Six in 10 fathers still say they spend too little time with their children, but highly educated dads with advanced degrees seem to be better off and spend the most time with their children.

Although fathers are reporting being involved in their children’s lives more than ever before, the majority of them — about six in 10 — still say they spend too little time with their children, according to a new Pew Research Center survey.

Survey: Highly educated dads spend most time with their children

The likelihood that you were able to spend time with your children increased based on your level of education, the survey found.

While half of fathers with a bachelor’s degree acknowledged that they were not getting enough time with their children, that number jumps up to 69% for fathers who did not complete college. This finding challenges the stereotype of the corporate father too busy crunching numbers in an office building to make time for his kids at home.

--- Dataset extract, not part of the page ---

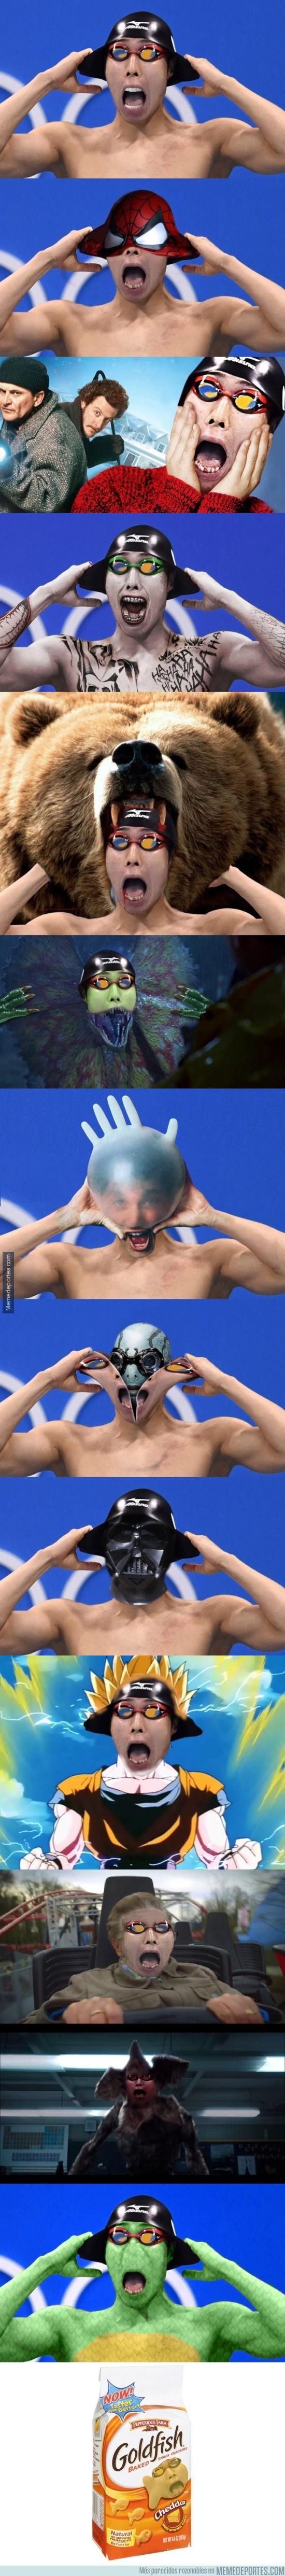 898435 - Internet trollea a nadador japonés ganador de un oro… Ya no hay respeto

Fathers without a bachelor’s degree were the group most likely to report spending too little time with their children. They were also the group that was especially likely to report living apart from their children, with 28% reporting that they lived physically away from their kids compared to 8% of fathers with a bachelor’s degree or more reporting the same.

Helping dads get more involved in child care

When fathers are not involved in their children’s lives, it becomes both a family issue and a workplace one. For fathers, work obligations were listed as the top reason for missing time with their kids, according to the Pew Research Center survey. When men are women are seen as equally responsible for childcare, studies have found that there are economic and personal benefits for everyone.

Paid paternity leave is one potential solution to help fathers become more involved in childcare. One study on 10,000 children in the U.S. found that fathers who took two or more weeks of leave were more likely to be involved in daily childcare activities later on in the child’s life.